Keywordschronic kidney disease, graft survival, kidney transplant recipients, kidney transplantation, transplant failure, transplant management
The Chronic Kidney Disease Classification, 676
Rationale for Including Kidney Transplant Recipients in the Chronic Kidney Disease Classification, 678
Applicability of the Chronic Kidney Disease Classification in Transplant Recipients, 678
Prevalence of Chronic Kidney Disease in Kidney Transplant Recipients, 678
Prevalence of Chronic Kidney Disease–Related Complications in Kidney Transplant Recipients, 679
The Predictive Value of Chronic Kidney Disease Staging for Outcomes Among Kidney Transplant Recipients, 679
Chronic Kidney Disease Management, 680
Chronic Kidney Disease Care Before Transplantation, 680
Chronic Kidney Disease Care in the Peritransplant Period, 680
Chronic Kidney Disease Care in Patients With a Functioning Allograft, 680
Chronic Kidney Disease Care in Patients With Transplant Failure, 681
There now are more than 200,000 prevalent kidney transplant recipients (KTRs) in the United States, more than double the number of patients in 2000. A significant proportion of prevalent KTRs will have decreased kidney function and be at risk for complications related to chronic kidney disease (CKD), including cardiovascular disease, mineral and bone disorders, metabolic acidosis, hypoalbuminemia, and anemia.
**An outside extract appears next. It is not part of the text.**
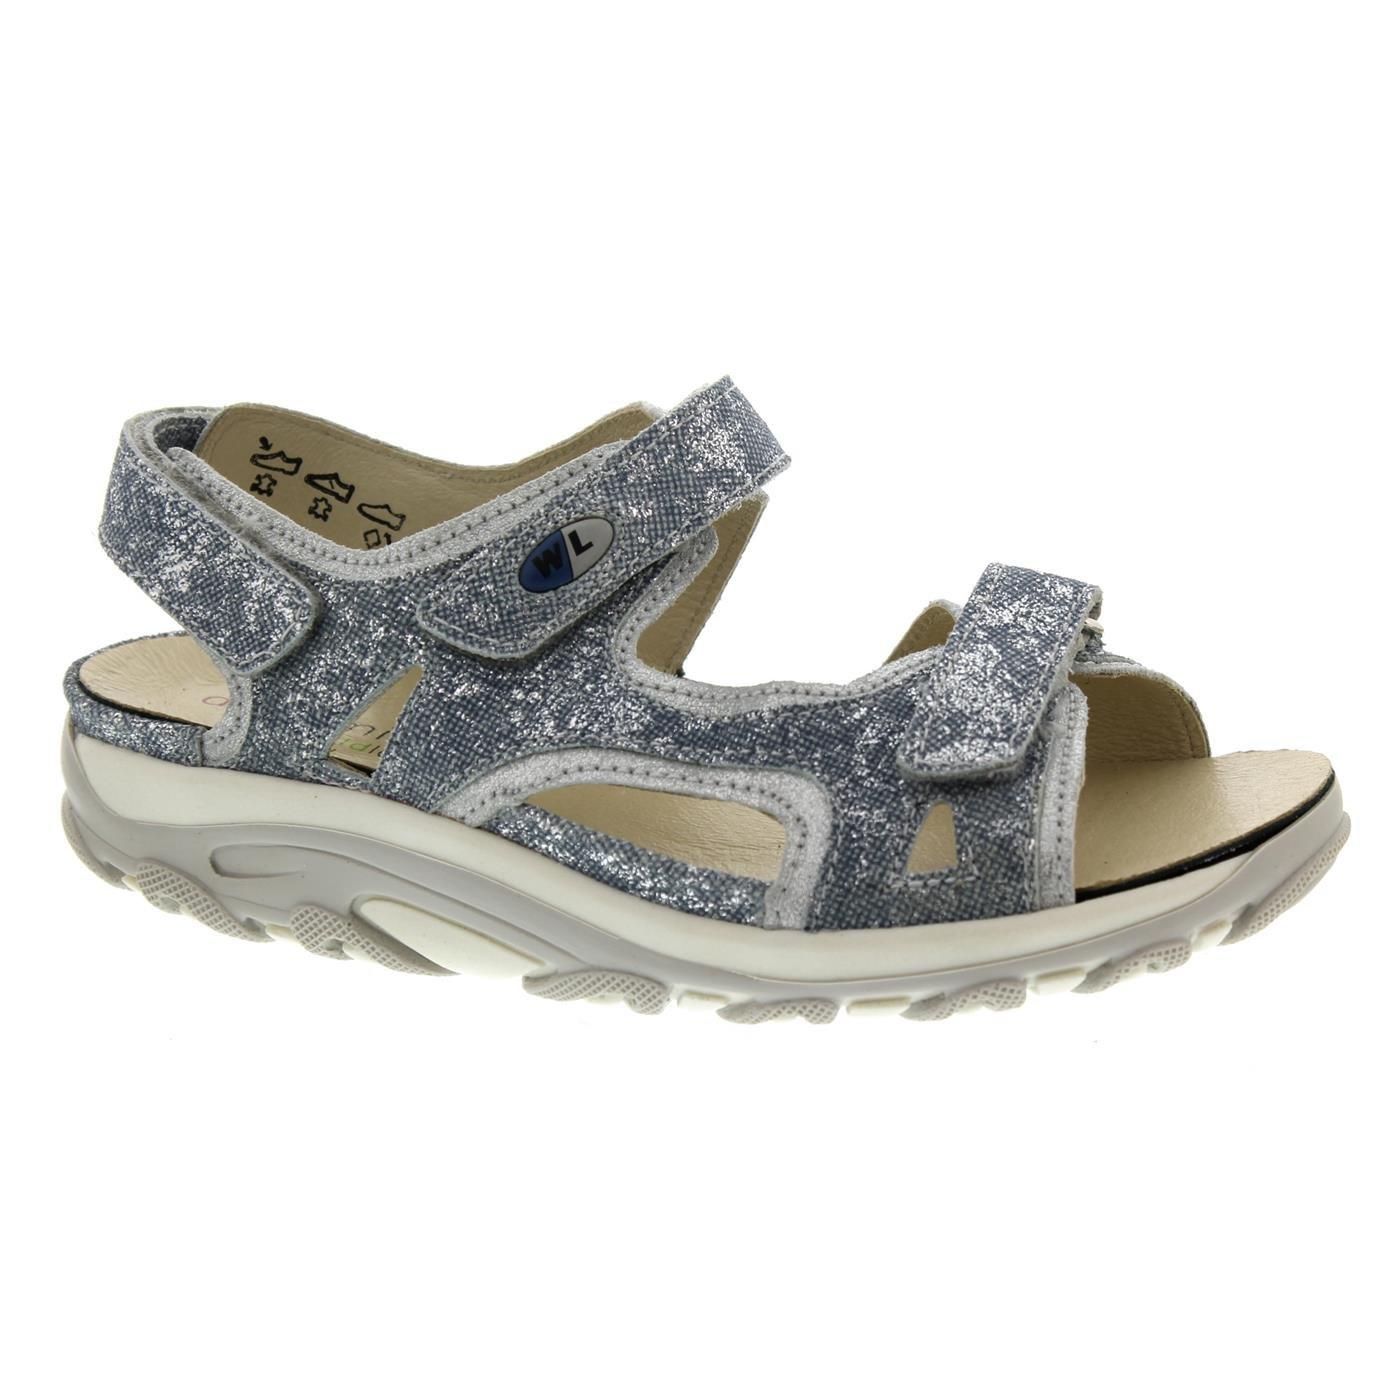 Waldläufer Hanni, Dynamic-Sohle, Newton/Glitter, Jeans/Silber Weite H 448002-206-693 Jeans-Silber
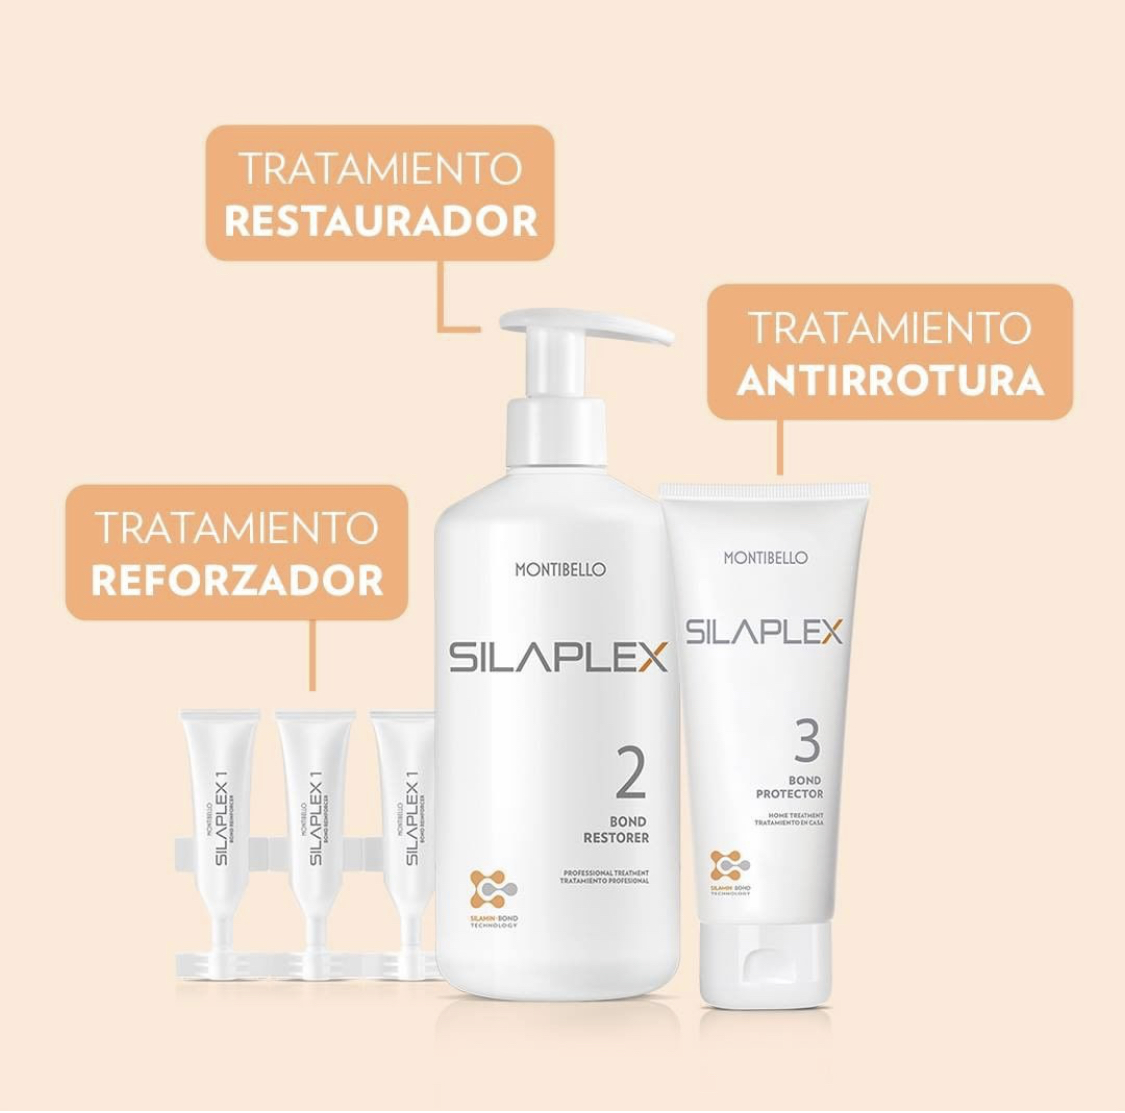 tractament-silaplex-montibello

Even among patients with “normal” kidney function, the burden of previous exposure to uremia and dialysis often carries through to the posttransplant period. In this chapter, we will review the current classification of CKD, potential advantages for including patients in the CKD classification, and the applicability of the CKD classification in KTRs, as well as the relevant clinical management considerations before transplantation, during the period of allograft function, and after allograft failure.
The Chronic Kidney Disease Classification
The National Kidney Foundation’s Kidney Disease Outcomes Quality Initiative (NKF K/DOQI) clinical practice guidelines published in 2002 defined CKD as either kidney damage or glomerular filtration rate (GFR) <60 mL/min/1.73 m 2 for ≥3 months, irrespective of cause. Kidney damage was defined by structural or functional abnormalities of the kidney, with or without decreased GFR, as manifested by either pathological abnormalities or markers of kidney damage (i.e., abnormalities on blood or urine tests or abnormal imaging tests). These guidelines also proposed a classification of CKD based solely on the level of GFR. Five stages of CKD were defined, and each stage had an associated action plan. The initial NKF K/DOQI CKD guidelines recommend referral to a specialist if the clinical action plan cannot be prepared, or if the prescribed evaluation or recommended treatment cannot be carried out. The guidelines further recommend that, in general, patients with GFR <30 mL/min/1.73 m 2 be referred to a nephrologist.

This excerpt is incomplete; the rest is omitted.